Scripting languages, automation and productivity

Arseni Mourzenko
Founder and lead developer, specializing in developer productivity and code quality
130
articles
March 31, 2015

I remember Pragmatic Programmer book encouraging to use plain text, and what could be more powerful than Linux shell and a scripting language to work with text in order to transform it?

That's why when a colleague asked today how he can transform an Excel table to a format similar to:

+-------------------------------------+---------+
| Product                             | Price   |
+-------------------------------------+---------+
| Dell PowerEdge R320                 | 1429.00 |
| Dell PowerEdge R730xd               | 2509.00 |
| PowerVault MD3 Serial Attached SCSI | 6282.70 |
+-------------------------------------+---------+

I immediately thought about Python, and also about a library which I use in Solange.

So I gave the link to my colleague, but then I retracted it: it appeared that the task was to export a small table, and dive into a third-party library to do the task which is fast to do by hand seems an overkill.

I thought it was still interesting to know how much is this an overkill. So back home, I did the actual test. The results were both impressive and exciting.

Preliminary work

Unsurprisingly, the hardest part was to prepare the sample data. Obviously, it made no sense to load the Excel file directly in Python, so the first step was to create a CSV file. Strangely, numbers were not real numbers and were exported with strange leading and trailing whitespace and even stranger quotes, and since I know nothing about Excel, it took me several minutes to find how to specify that numbers are actually numbers.

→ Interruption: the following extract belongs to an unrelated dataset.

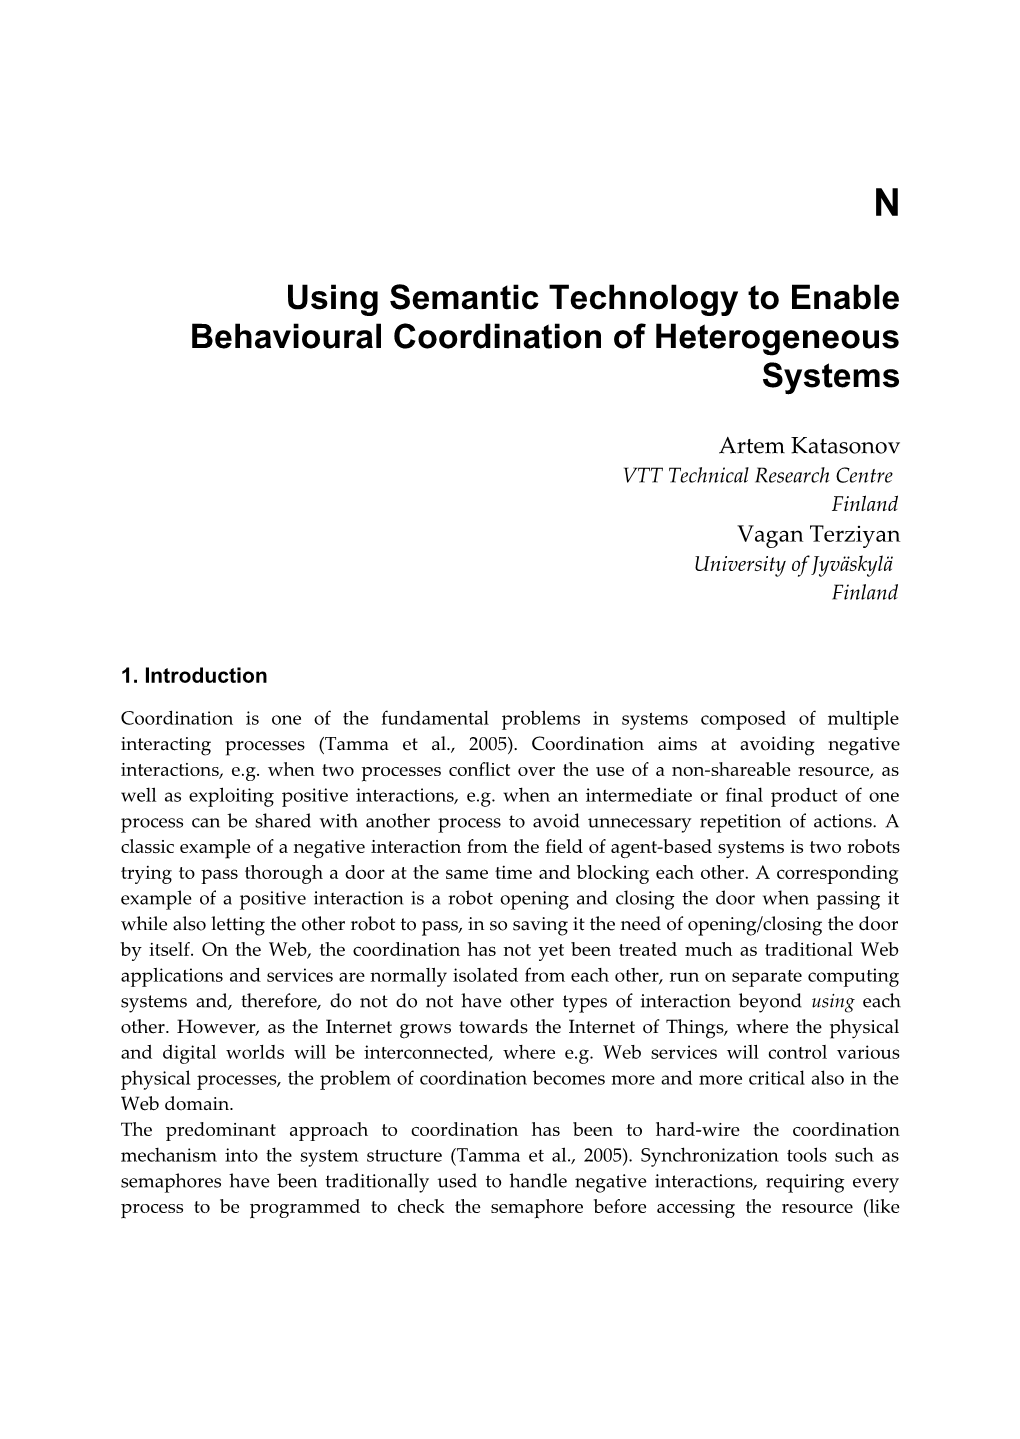 Using Semantic Technology to Enable Behavioural Coordination of Heterogeneous Systems

Once the file was created and moved to a directory, the second step was to create the Python script itself and to download the library:

touch sample.py
chmod +x sample.py
svn co http://source.pelicandd.com/infrastructure/createvm/app/table/
vi sample.py

Great. Few seconds after beginning, we are ready to write the script.

Writing the script

The script couldn't be simpler. We basically need to import CSV data and feed the Table class with it:

#!/usr/bin/env python

import csv
import table

with open("SampleData.csv") as f:
    reader = csv.reader(f)
    print(table.Table(next(reader), reader).display())

The fact that the first's Excel row contains the names of columns is very handy. Given that Table requests two arrays: the names of columns and the contents, we simply feed the names with next(reader), which also moves the cursor to the second row.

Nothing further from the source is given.